# I did it... swapped pierburg 2e2 for weber 32/34 DTML



## meinit (Jan 26, 2004)

As some of you may know ive had loads of trouble with my pierburg carb, so i wanted to replace it with the weber 32/34 dtml, Ive done the swap at last with help from the AC fab boys... we made a adapter plate from a piece of 5mm steel, after a few tests and a few minor adjustment its on the engine working








I had to re route the throttle cable as the weber throttle plate is on a differant side, then make a bracket to hold the cable still. fitted a choke cable (yipee manual choke) and i am impressed with the weber
Now the bad bit, Any help plz
when driving and i come off the throttle (slowing down) it judders bad like i dont know how to drive, if i rev up its fine, it happens about 2500rpm.

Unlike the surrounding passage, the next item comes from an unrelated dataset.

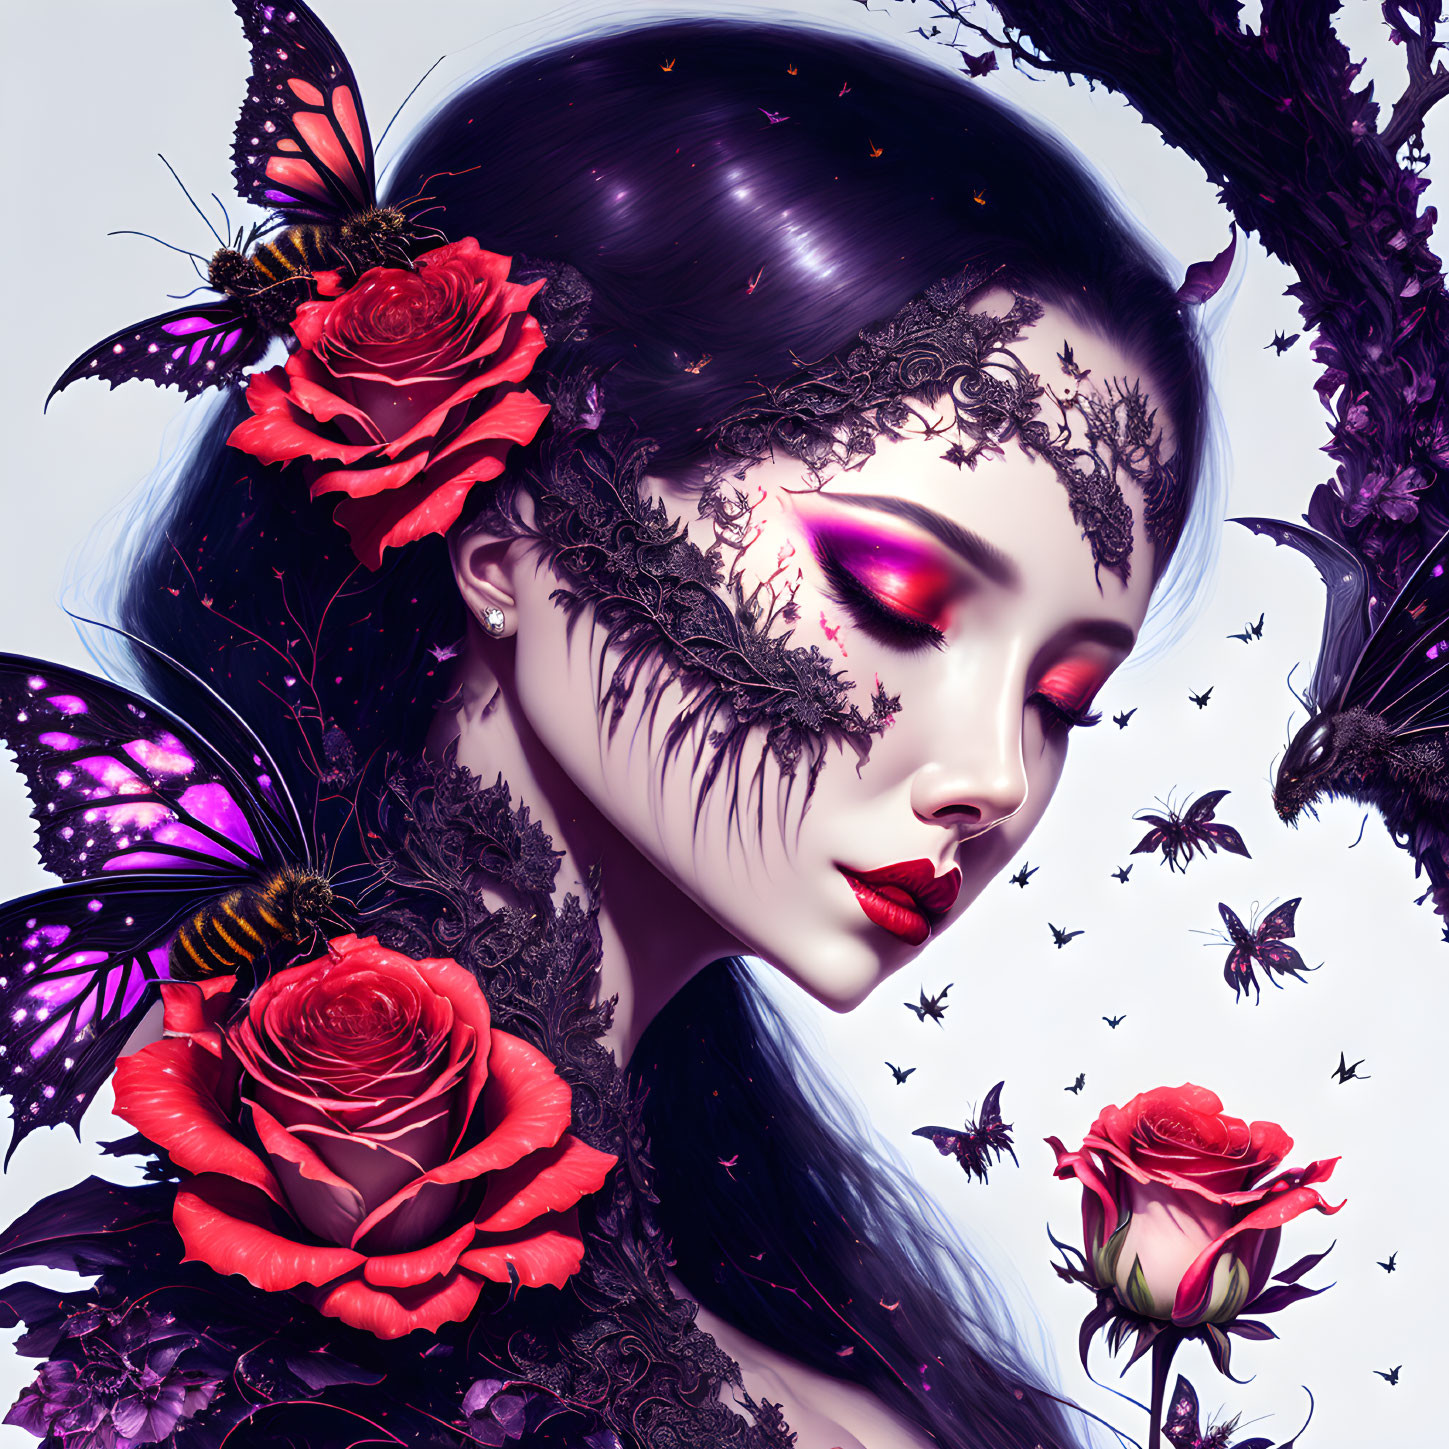 Woman with Roses and Butterflies: Dark Hair, Vibrant Makeup, Serene Expression
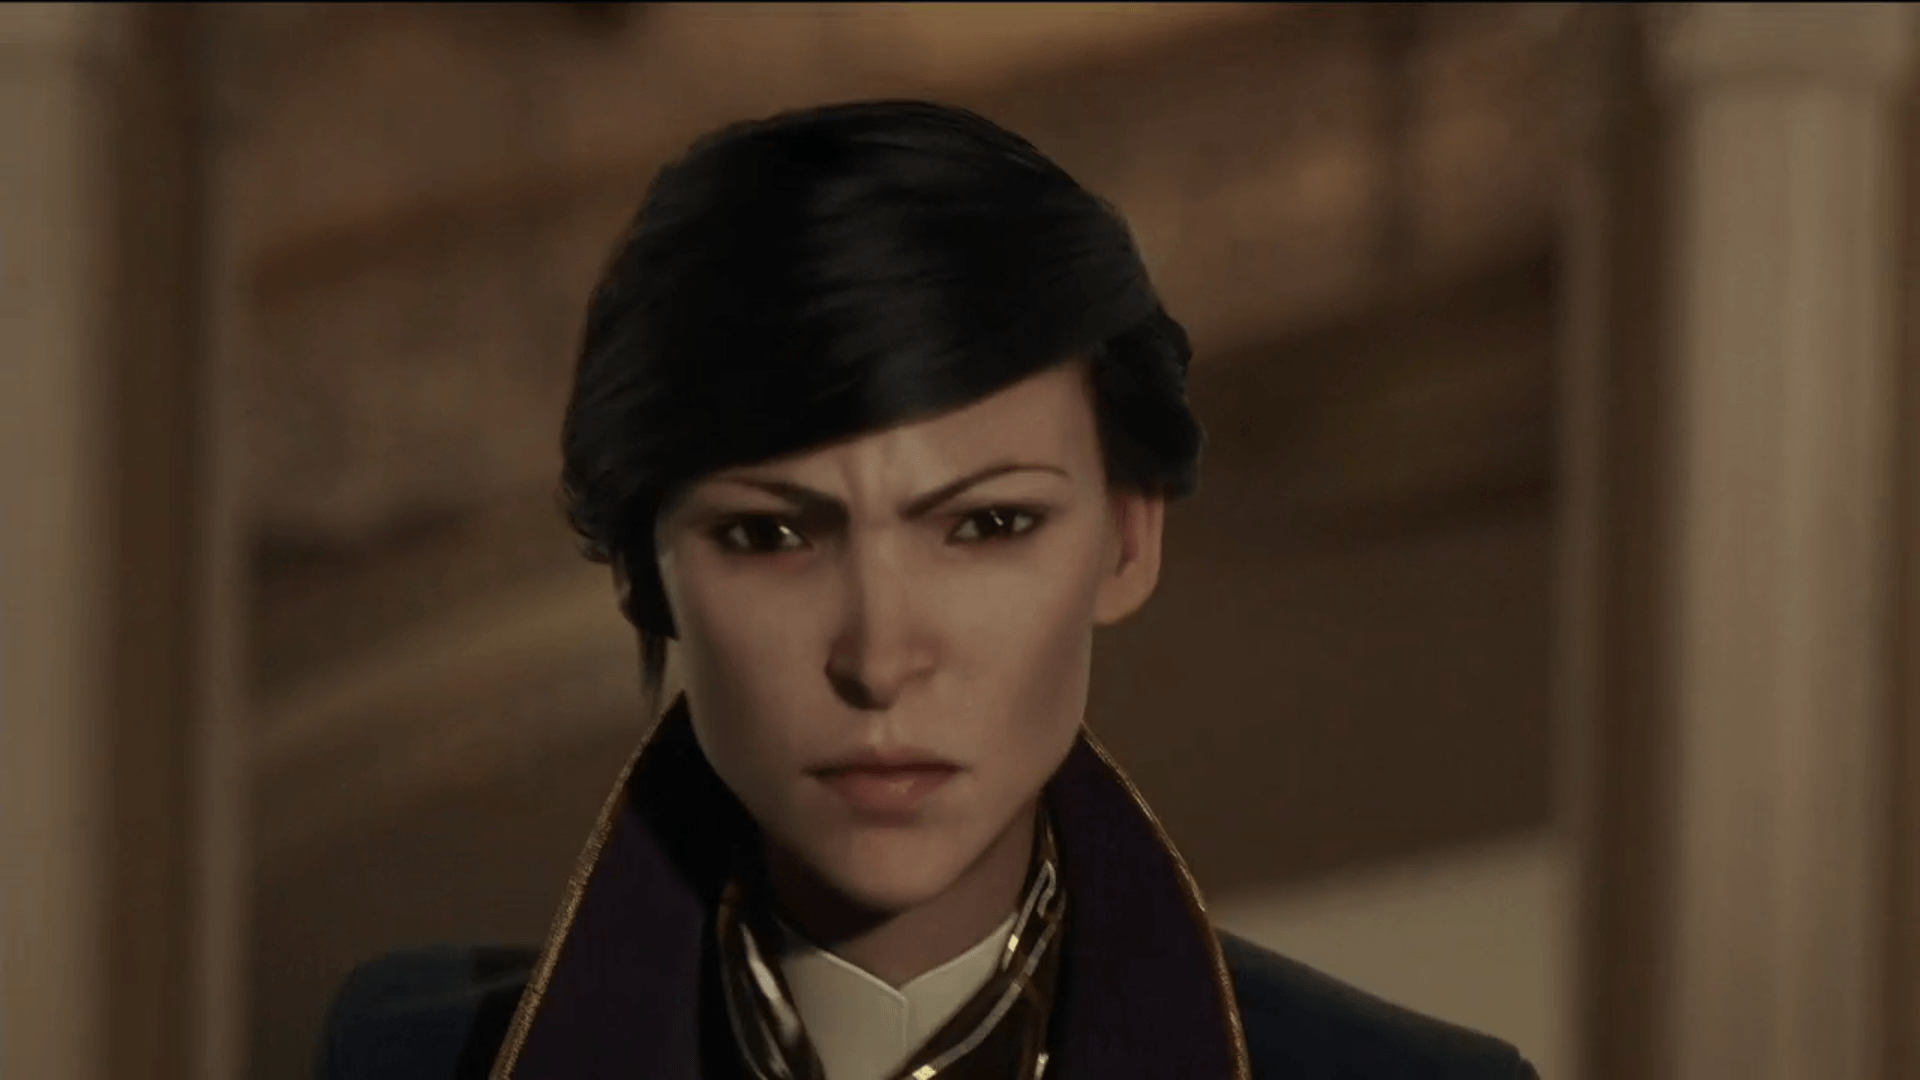 Dishonored 2 Video Explains Who Emily Kaldwin Is and Showcases Her

I am wondering if it the jet size. As the weber came from a mini 1275
But i can live with the juder for the moment its just loads better than the pierburg. Just have to see if the mpg is better.
Next mission is to make a induction kit as the old air filter dont fit anymore....... 
will it ever end........ hope not


----------



## bigdavevw (Oct 2, 2004)

*Re: I did it... swapped pierburg 2e2 for weber 32/34 DTML (meinit)*

hi mate can you tell me if that carb was worth replacing your 2e2? does it fit straight on to your original manifold? can you feel a difference in performance? im thinking of replacing my 2e2 on my 1.6 driver, do you reccomend it? thanx for any responce


----------



## vwerico (Nov 10, 2004)

*Re: I did it... swapped pierburg 2e2 for weber 32/34 DTML (meinit)*

Nice to hear you got it running. 
I was able to buy a Pierburg/solex 2E2 for thirty Euros at a local junkyard for my Golf II 1.6l. I replaced the bad waxstat and H2O choke and it runs decently. The PIersburg has a vacuum actuated circuit for deceleration. I you haven't already bought the manual, it sounds like time to buy it. With manual in hand, troubleshooting your decelleration woes should not be very difficult. The problem could be something as simple as a mis-connected vacuum hose that has inadvertently disabled your deceleration fuel shut-off circuit. I learned quite a bit about auto carb during the past months. I am certificated A&P mechanic, so I already have a decent understanding of aircraft fuel induction systems. http://****************.com/smile/emthup.gif


----------



## broken dipstick (Mar 8, 2007)

*Re: I did it... swapped pierburg 2e2 for weber 32/34 DTML (vwerico)*

well help me with mine..
it barely starts when cold..
idles high unless i tap the gas.
and the choke seems to be disconnected from any waterflow.
i can't get a manual for it either, being in the USA.


----------



## chronicbadhabit (Sep 25, 2007)

*Re: I did it... swapped pierburg 2e2 for weber 32/34 DTML (broken dipstick)*


_Quote, originally posted by *broken dipstick* »_it barely starts when cold..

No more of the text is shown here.